- _Recorded data_:
───
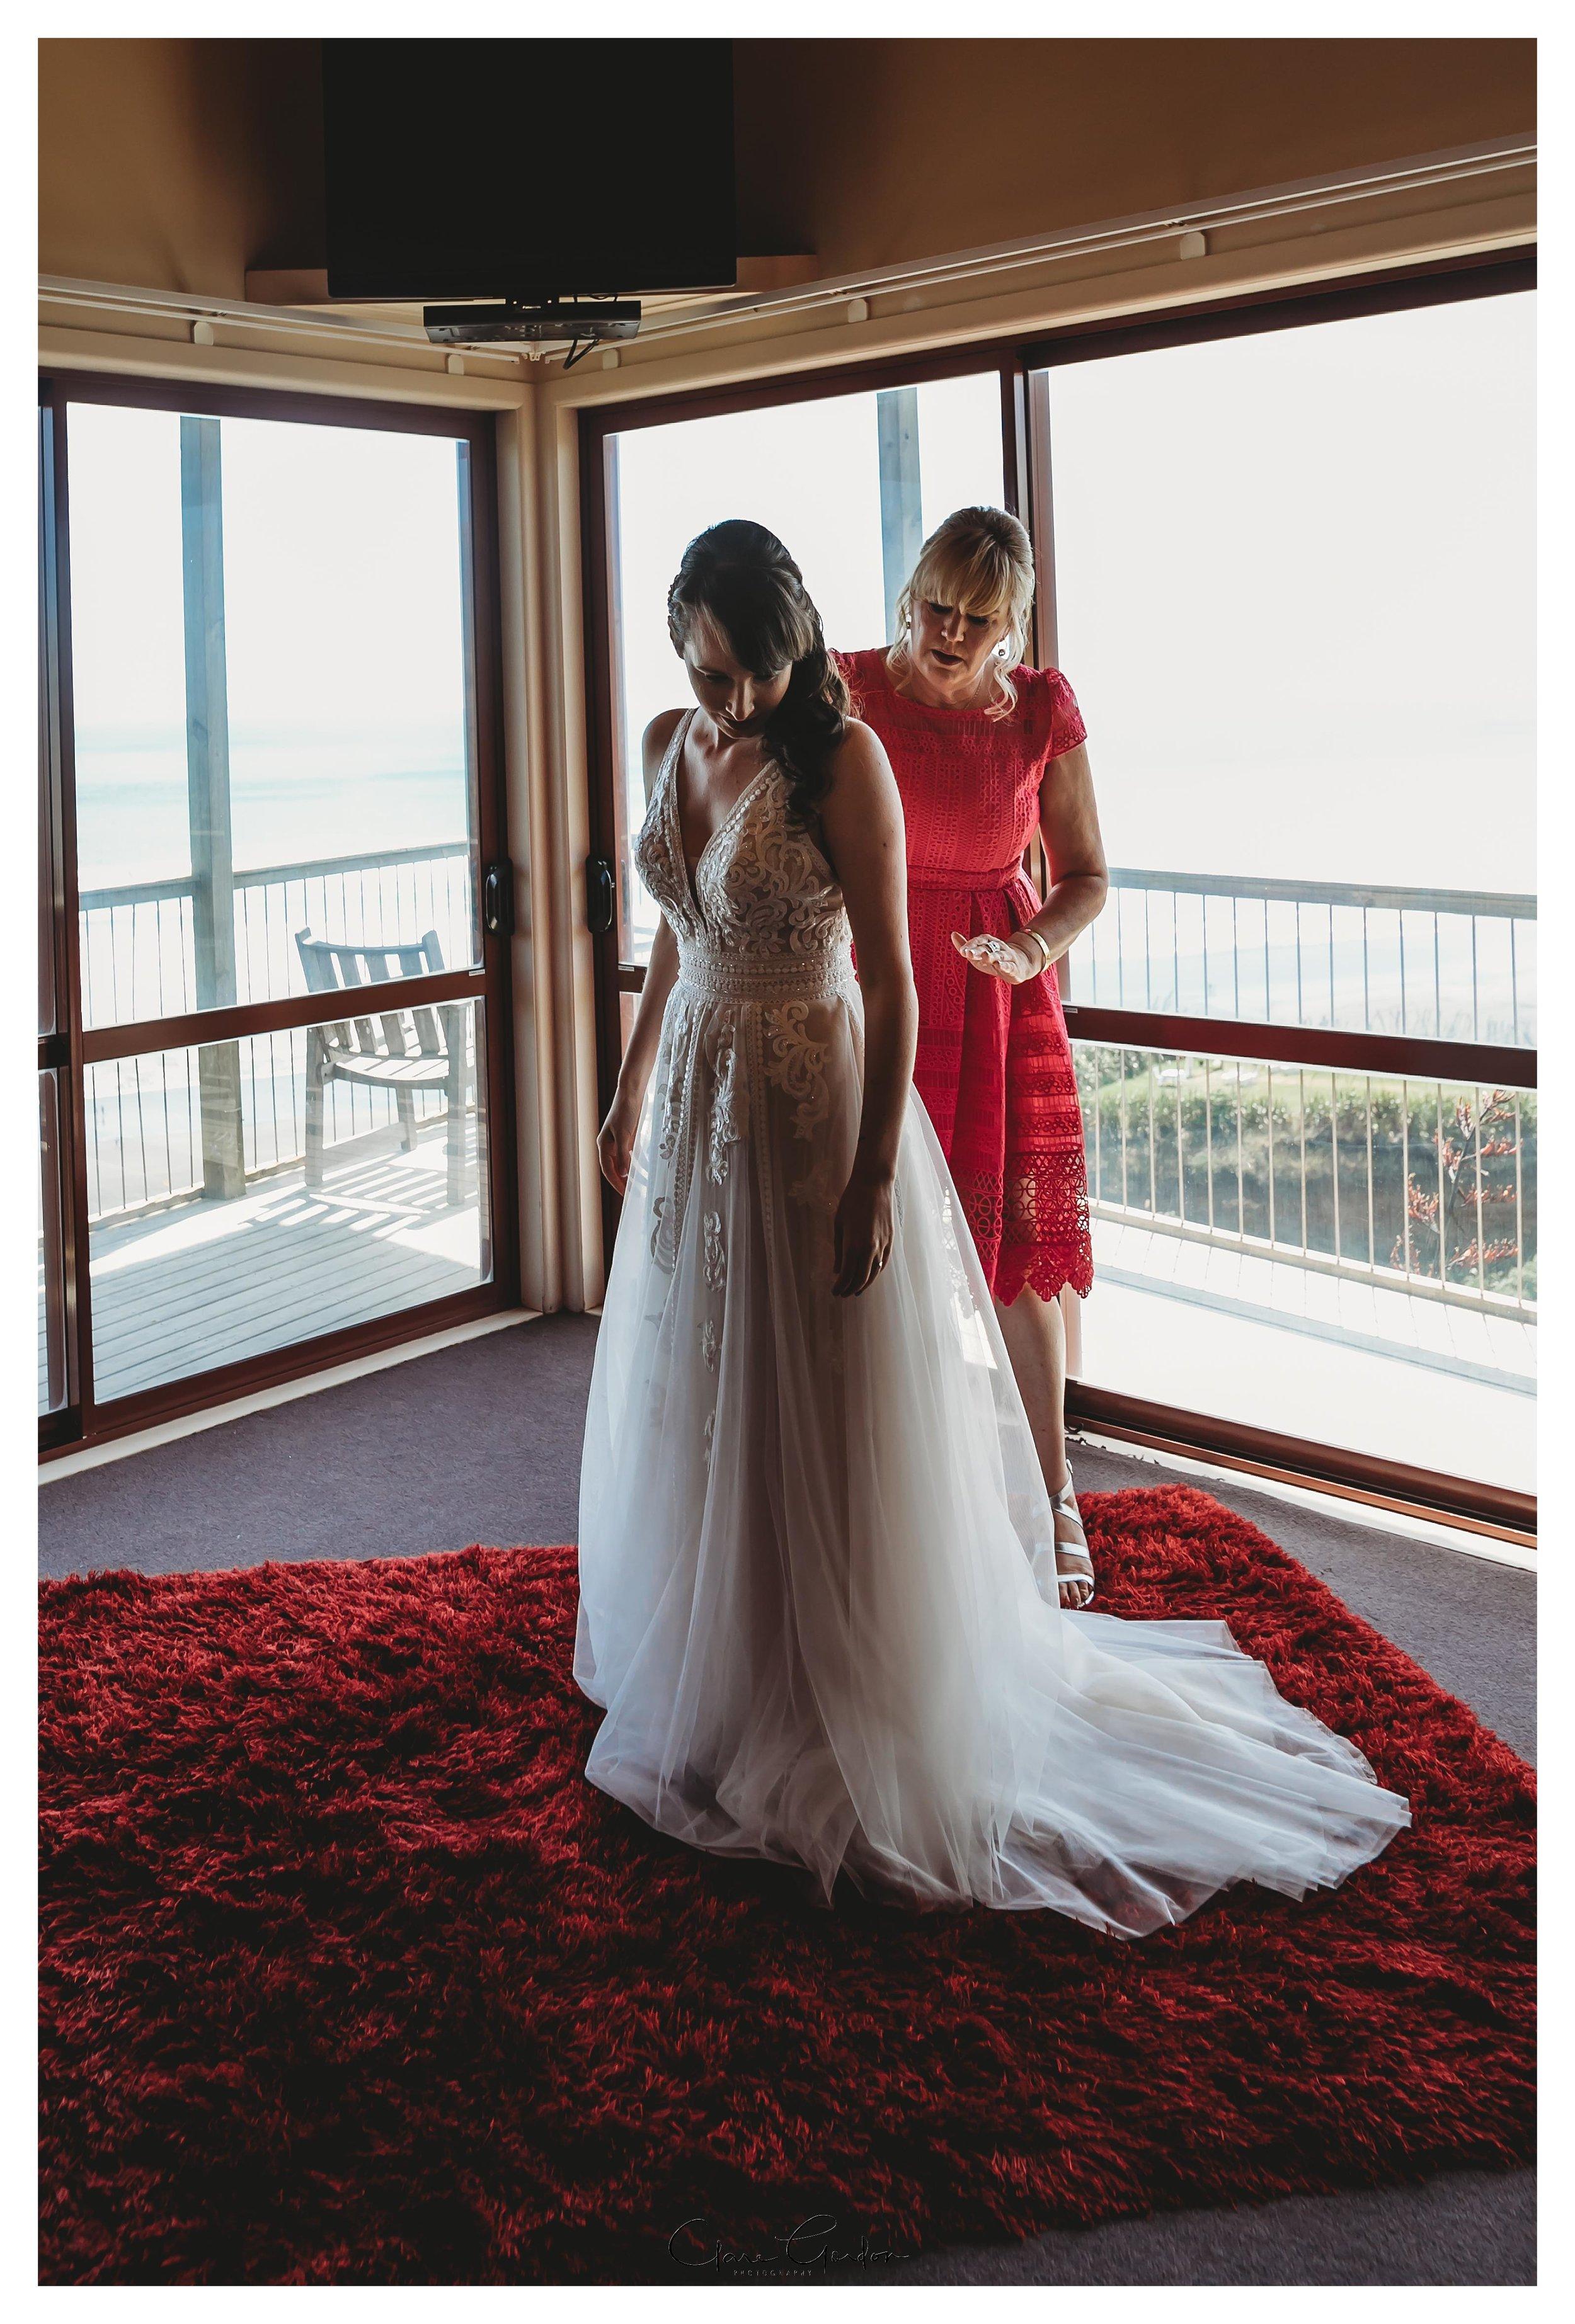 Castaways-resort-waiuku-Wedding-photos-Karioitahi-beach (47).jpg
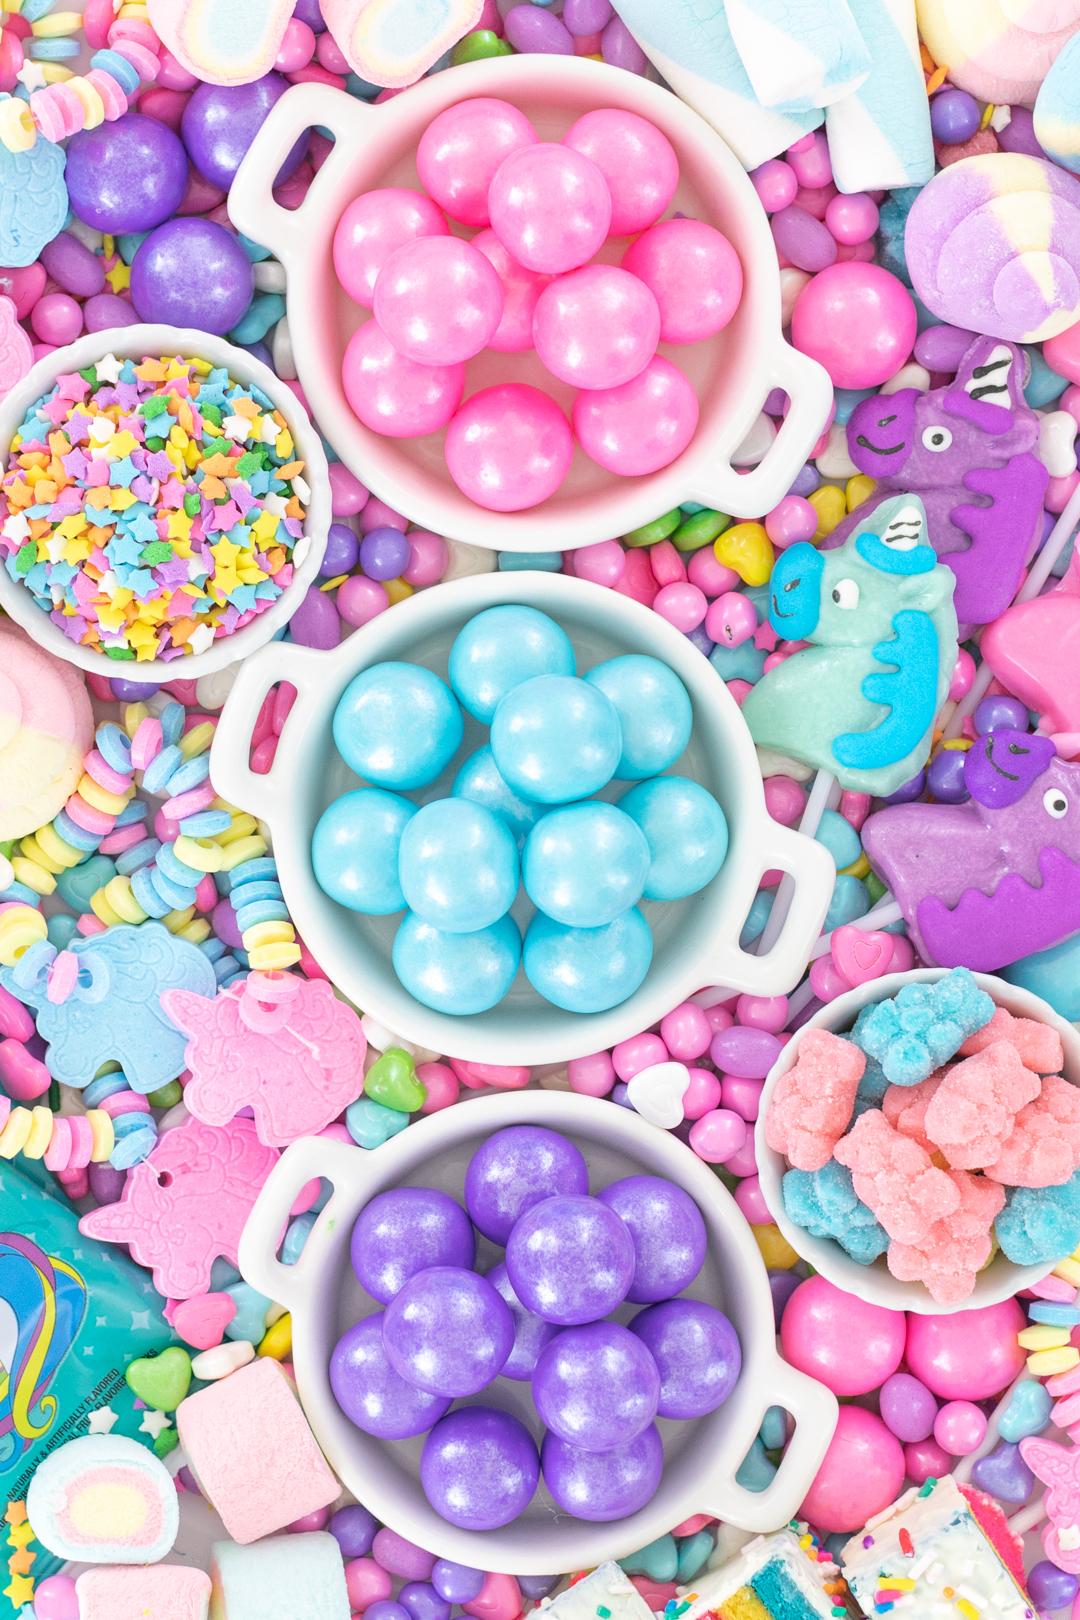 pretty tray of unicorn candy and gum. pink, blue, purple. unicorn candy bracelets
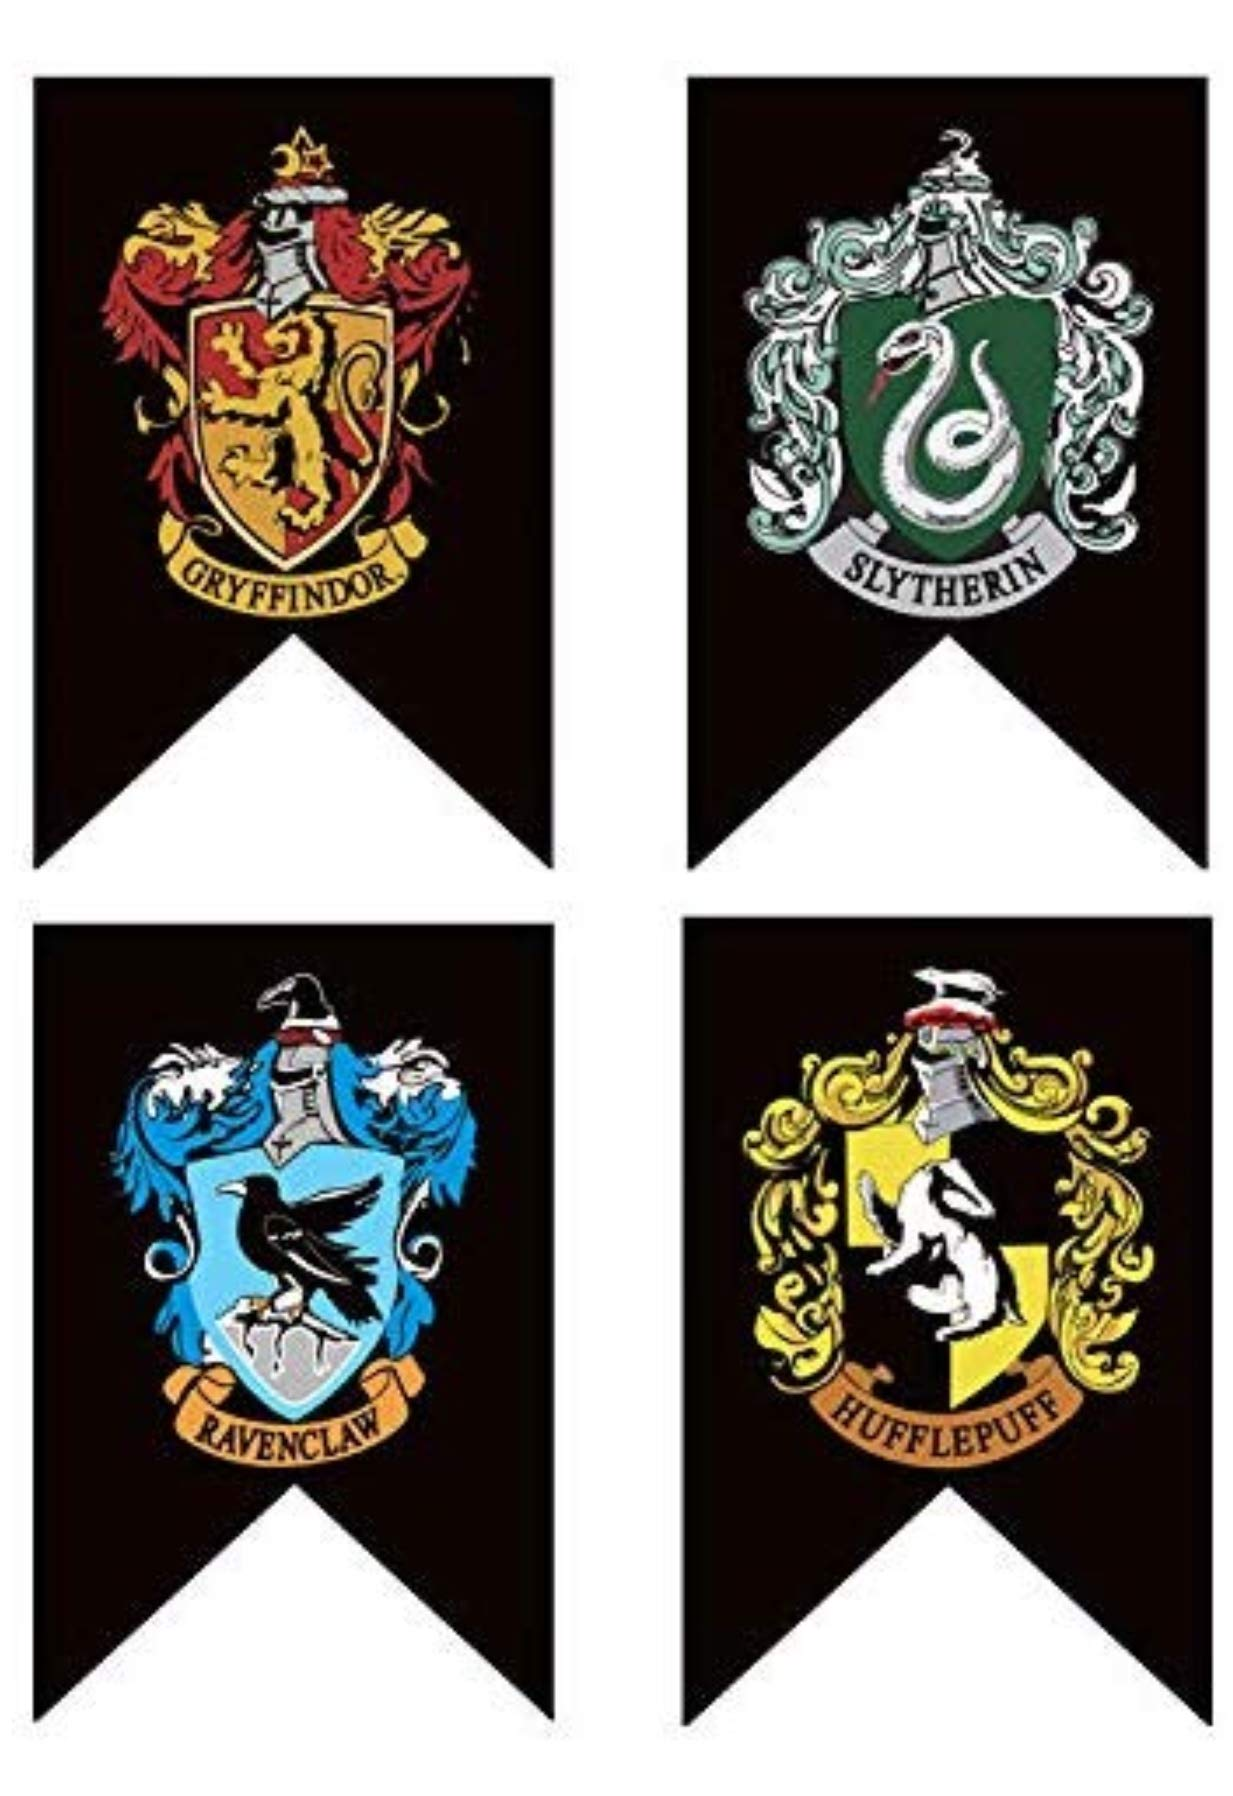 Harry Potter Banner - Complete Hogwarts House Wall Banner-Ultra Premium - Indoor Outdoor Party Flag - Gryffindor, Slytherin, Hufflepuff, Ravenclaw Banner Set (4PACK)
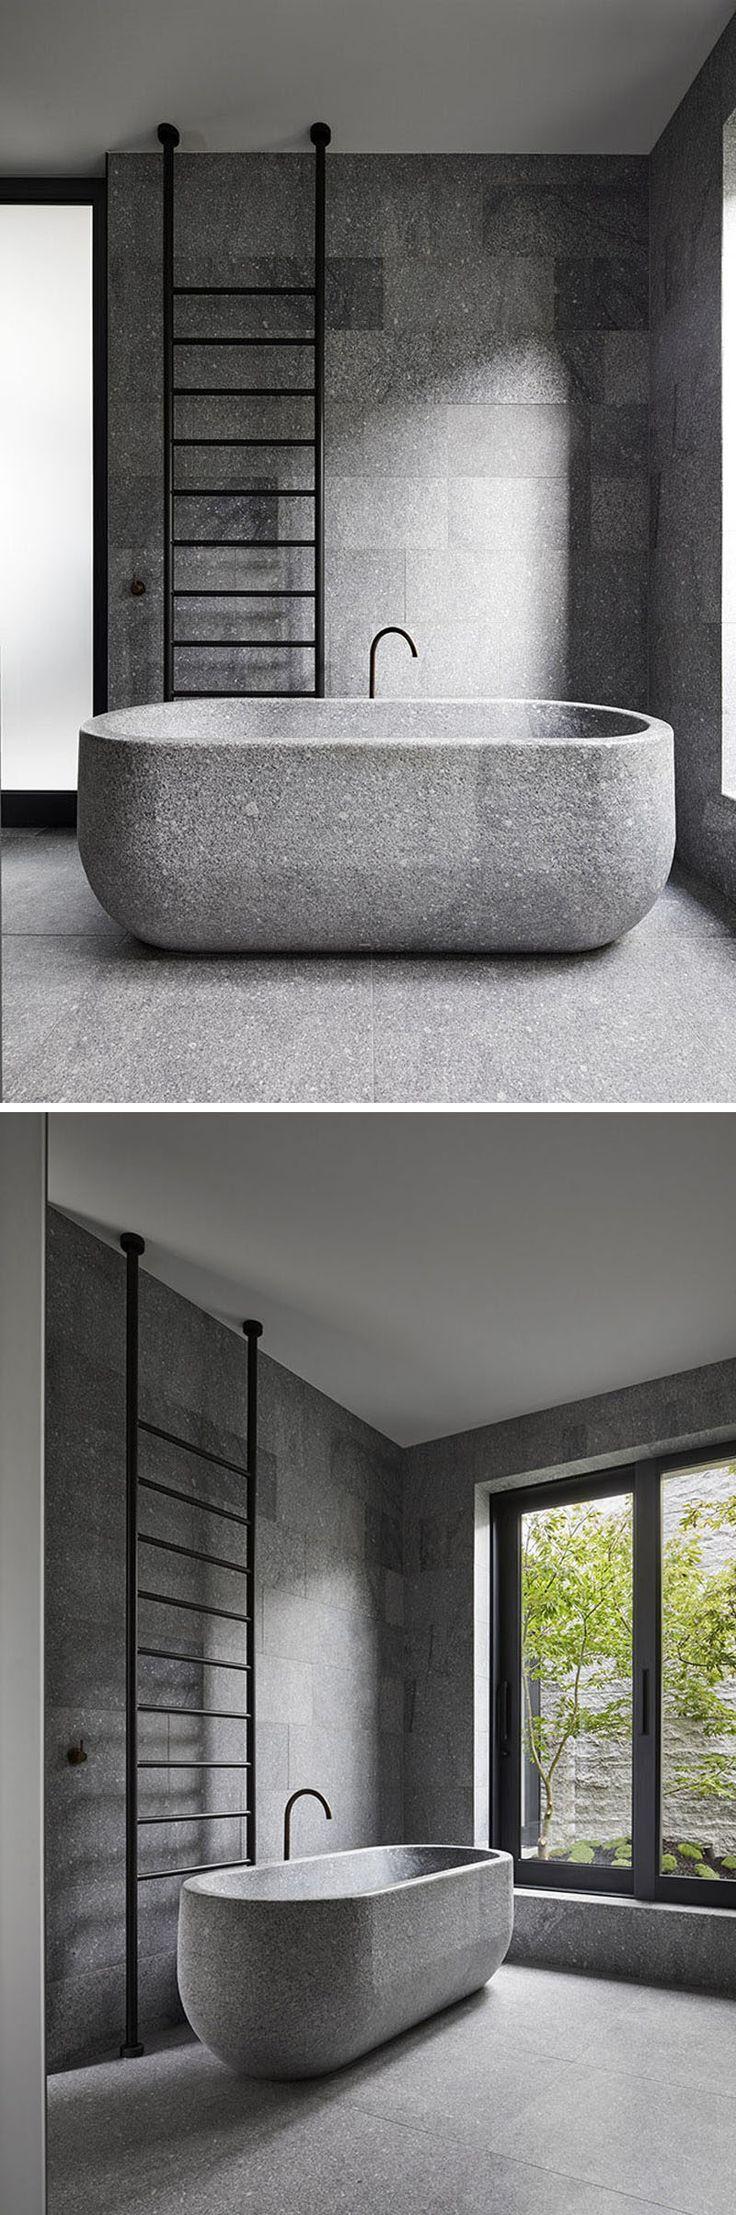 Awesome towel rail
───
- _Assignment_: Find the line with "Harry Potter Banner" in the listing above, then write it out along with every later line through the last one, exactly, omitting pictures.

- _Exercise solution_:
 Harry Potter Banner - Complete Hogwarts House Wall Banner-Ultra Premium - Indoor Outdoor Party Flag - Gryffindor, Slytherin, Hufflepuff, Ravenclaw Banner Set (4PACK)
 Awesome towel rail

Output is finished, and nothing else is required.